题目背景

Ouroboros from Wikimedia Commons

题目描述

Your friend has given you a rooted tree: a connected graph with $N$ nodes and $N-1$ edges. The nodes of the tree are numbered from $1$ to $N$, with node $1$ being the root of the tree and other nodes numbered arbitrarily.

However, you recently learned about the Ouroboros, an ancient mythical snake that eats its own tail, signifying a cycle with no beginning and end. You dislike the fact that the tree you were given has a very clear beginning at the root, and clear ends at its leaves, so you decide to completely change the structure of this tree into a new graph which you have named an Ouroboros Graph.
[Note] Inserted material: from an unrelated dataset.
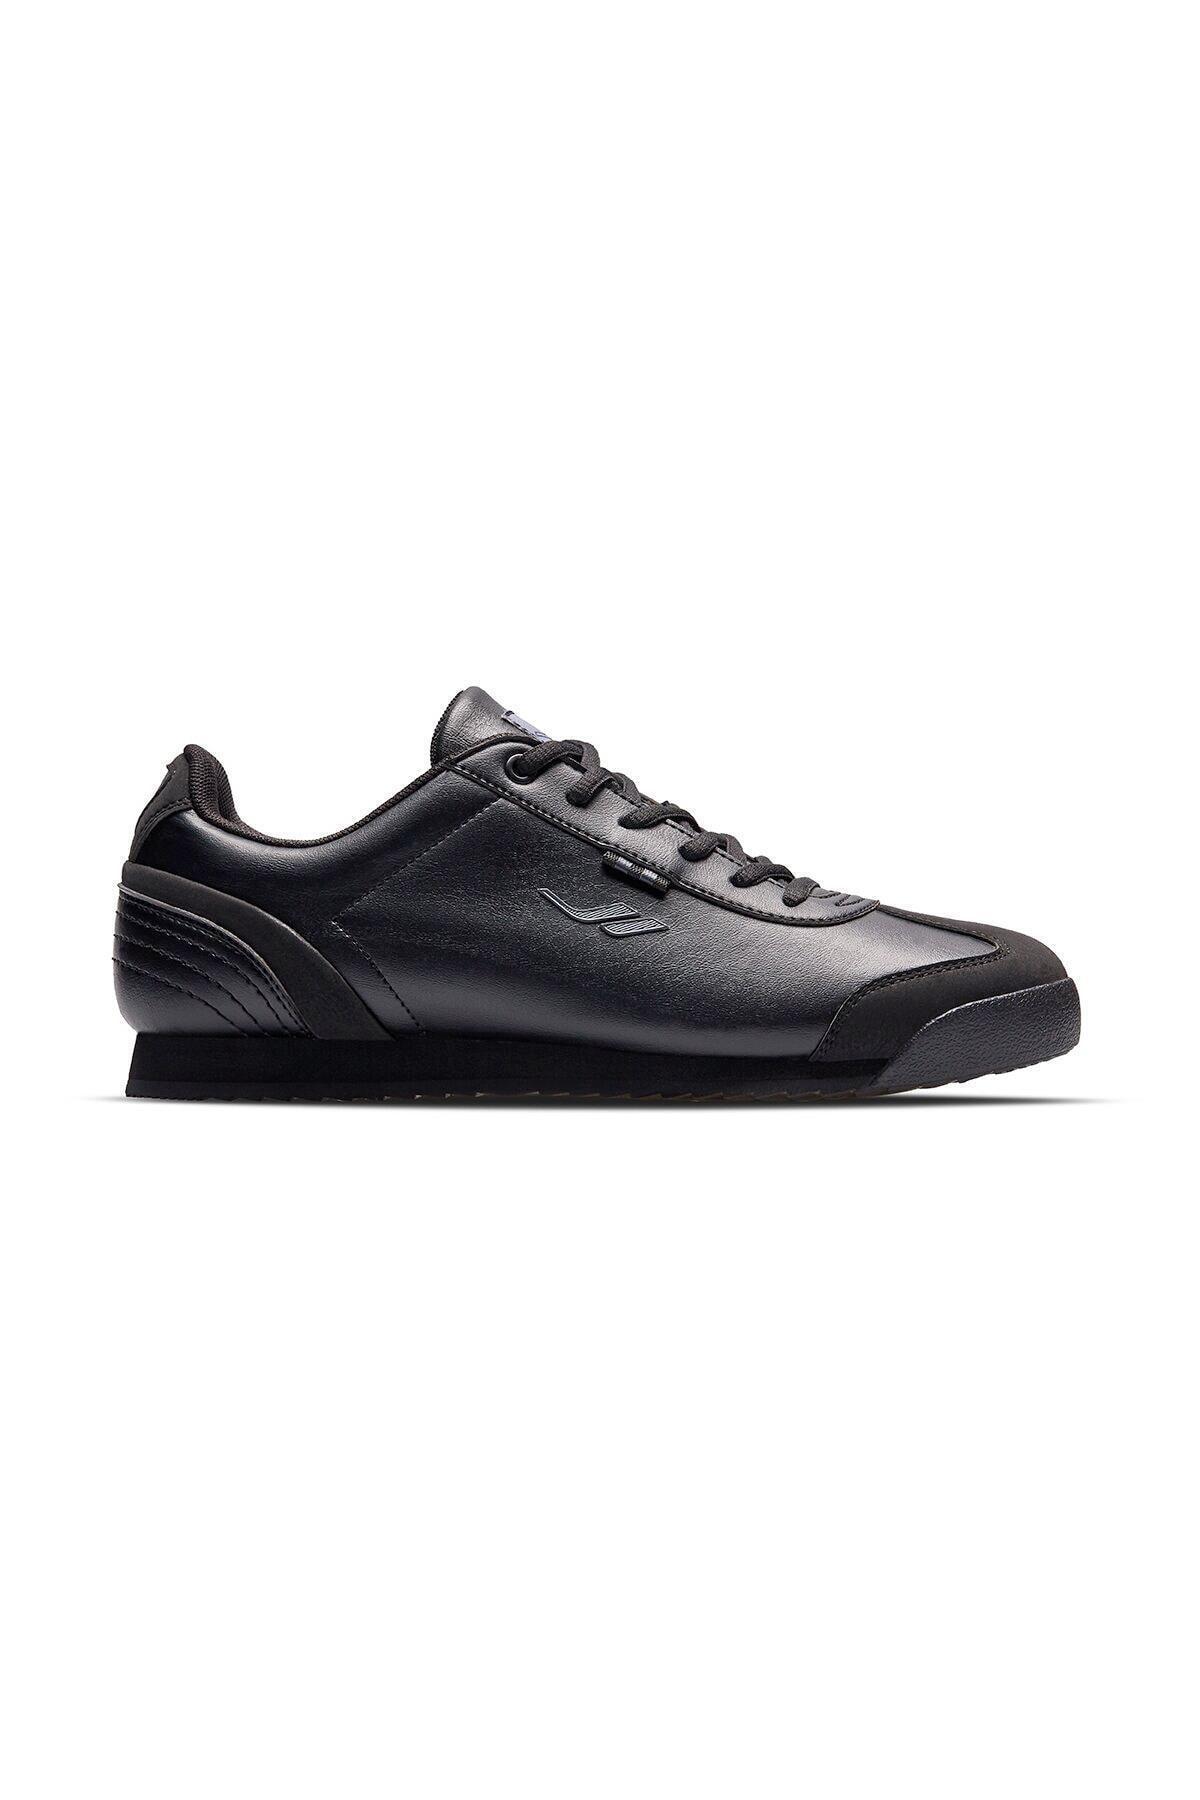 Lescon Ly-wınner-3 Sneakers Günlük Erkek Spor Ayakkabı 1

To construct this Ouroboros Graph, you take the leaves of the tree (the nodes with no direct children) and draw special "leaf" edges that connect every leaf directly to the root. If there is already an edge connecting a leaf to the root, you still add a duplicate edge.

With this special graph structure, you can now create lots of different trees by removing some subset of edges, and in the spirit of Ouroboros, the leaves and roots can change depending on which subset of edges you remove. How many different trees can you make by removing a subset of edges from the Ouroboros Graph? Two trees are considered different if one tree has an edge that the other tree does not. (If both a regular and a "leaf" edge connect the same pair of nodes, then they are distinguishable from each other and are considered different edges.) Since the number of trees can be large, compute the answer modulo $998\,244\,353$.

输入格式

The first line of input contains a single integer $N$ ($2 \leq N \leq 200\,000$), the number of nodes in the tree.
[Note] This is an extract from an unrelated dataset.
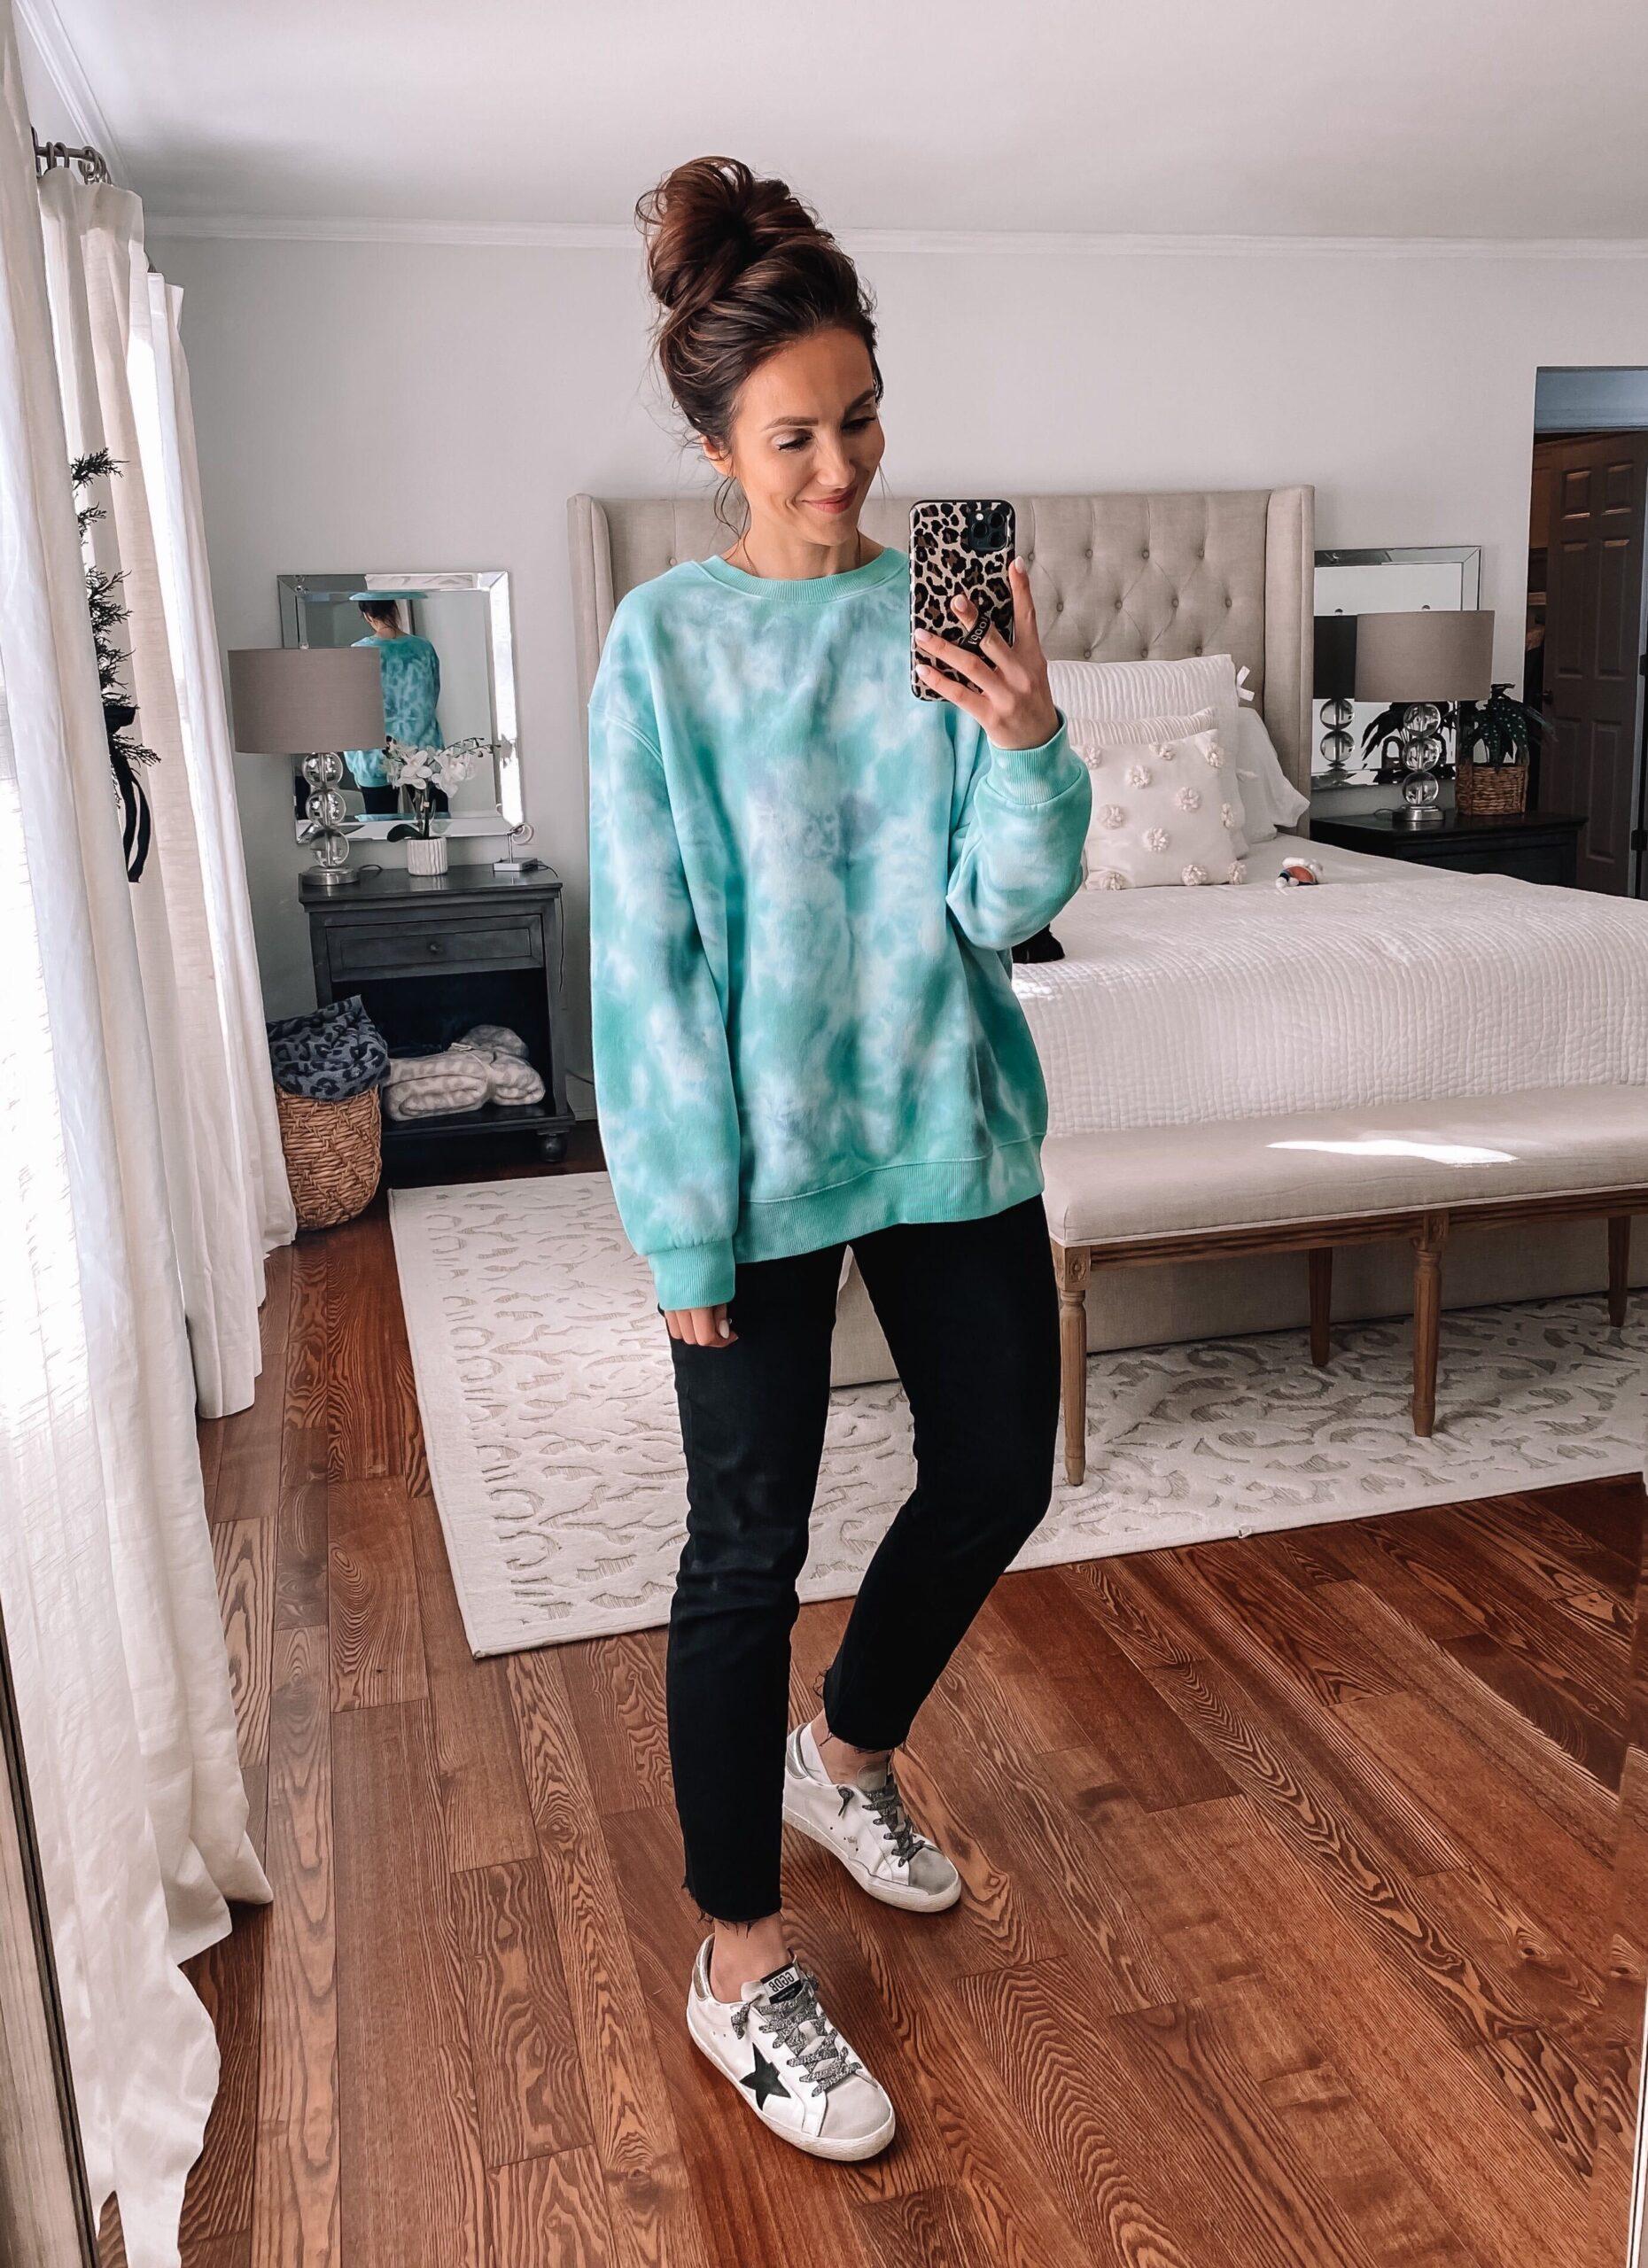 target style, target tie dye sweatshirt

Each of the next $N-1$ lines contains two space separated integers $a$ and $b$ ($1 \leq a,b \leq N$) specifying that an edge exists between parent node $a$ and child node $b$ in the tree. The input graph is indeed guaranteed to be a tree: there is a unique path of edges between every pair of nodes in the graph.

输出格式

Print the number of different trees modulo $998\,244\,353$ that can be created by removing some subset of edges from the input tree's Ouroboros Graph.

8
1 3
3 2
1 4
1 7
7 6
6 5
6 8

72

提示

In the diagram below, the left subfigure illustrates the Ouroboros Graph corresponding to Sample Input 1, with the original edges of the tree drawn in black and the "leaf" edges dashed in red. The tree on the right illustrates one of the $72$ possible different trees that can be formed by deleting some subset of edges from the Ouroboros Graph: in this case, original edges $6$--$5$ and $1$--$3$ and "leaf" edges $1$--$8$ and $1$--$4$ were deleted.